OpenAI has proposed a potential solution: before responding, the AI should evaluate its own confidence level, and scoring or evaluation systems should reward or penalize it accordingly.

For example, the AI could be told:
“Only answer if you're at least 75% confident. Because giving a wrong answer will cost you 3 points, but a correct one will earn you just 1 point.”

Mathematically, this system encourages the AI to express uncertainty instead of guessing, which would significantly reduce hallucination.

But here’s the catch: this could drastically affect user experience.

Imagine asking ChatGPT ten questions and it replies to three of them with, “I don’t know.”
Would you still want to use it?

For users who are accustomed to getting confident answers to anything they ask, this kind of system might feel frustrating. Many might quickly stop using such a chatbot, thinking:
“Why ask ChatGPT when I can just Google it?”

The Real Obstacle: Economics

While user dissatisfaction with “I don’t know” responses could potentially be managed, a much bigger challenge lies in the economics not human economics, but computational economics.

Creating an AI that is honest and self-aware one that knows what it doesn’t know and admits it would require vastly more computing power and time compared to current systems. And if such a system were to answer millions of questions per day, the cost would run into billions of dollars.

If the AI replies “I don’t know” whenever it's unsure, and you don’t get the answer you were looking for, you might start to wonder: what’s the point of spending so much money on it?

This kind of sophisticated system may be justifiable in specialized fields like chip design or medical diagnosis, where a single wrong answer could cost millions of dollars. In such cases, the extra cost is worth it.

But for general users especially those who want instant answers at low or no cost this economic model simply doesn't work.

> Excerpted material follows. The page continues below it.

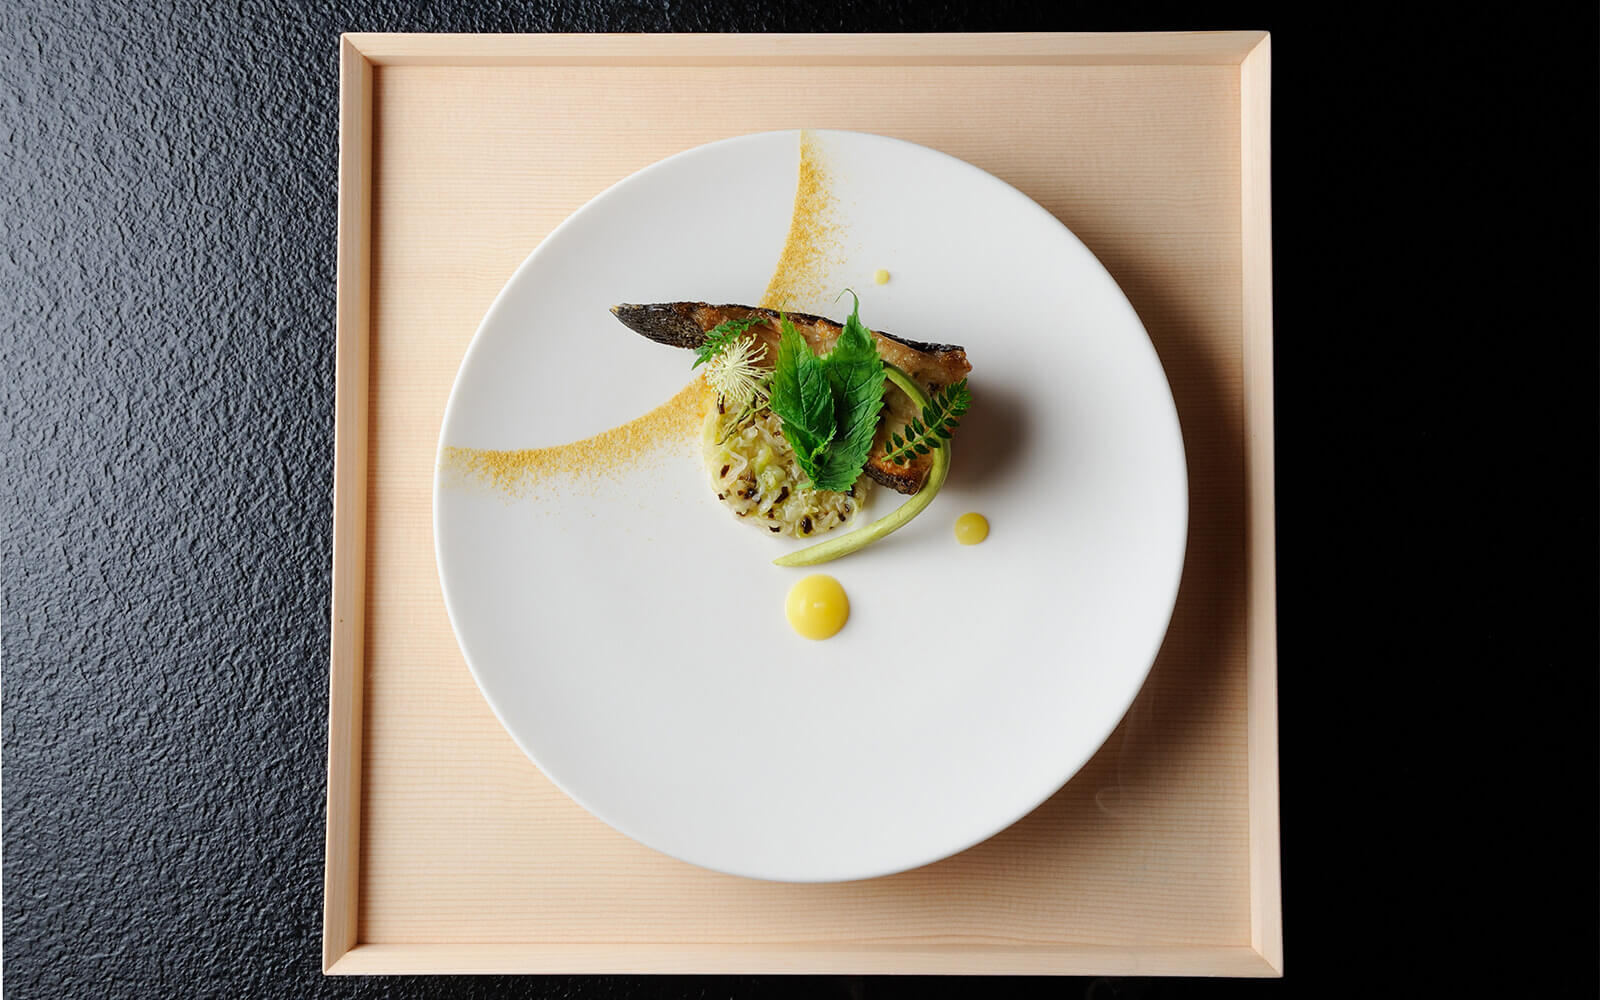 Award-Winning French Cuisine Chef, Noriyuki Hamada|HOSHINOYA Tokyo 
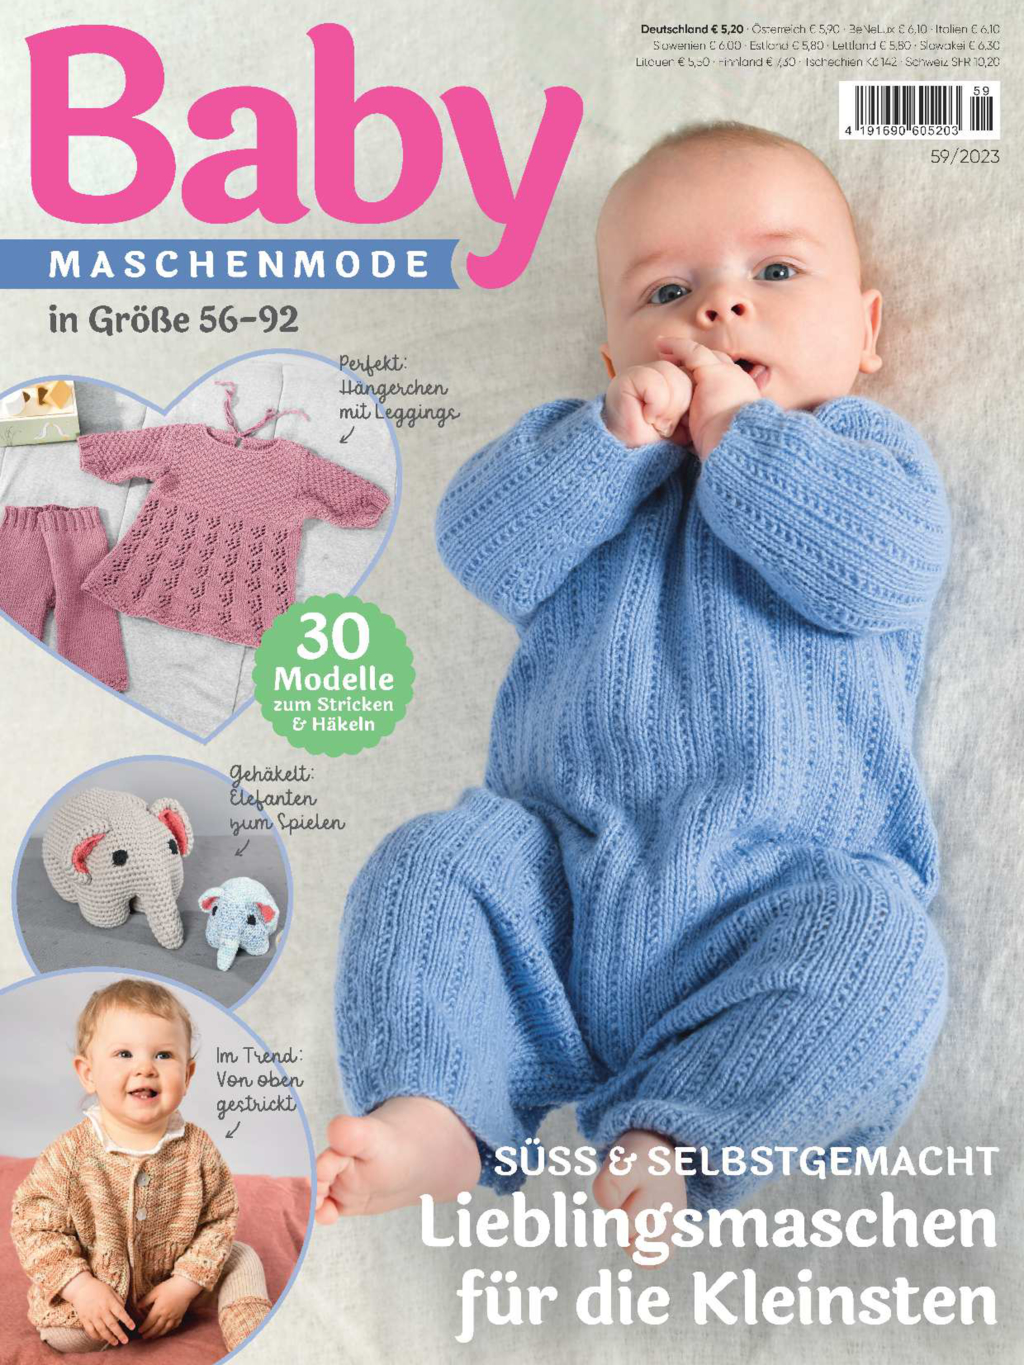 Baby Maschenmode 59/2023 - Lieblingsmaschen für die Kleinsten

In reality, it’s practically impossible to build such an AI for the general public. Today’s AI tools already cost between $2,500 to $25,000 per month for enterprise use. According to the research paper, a more advanced, cautious chatbot might cost around 70,000–80,000 BDT ($600–$700) per month, though the exact amount wasn’t specified.

Would the average person be willing to pay that much per month just to use a chatbot?

And what would they get in return? A chatbot that, instead of confidently answering, frequently says:
“I don’t know.”
If you keep getting no answers despite paying a premium, you’d likely give up on using it or go back to older, cheaper versions. In either case, the AI company loses.

And that’s why stopping chatbots from "making things up" may be nearly impossible.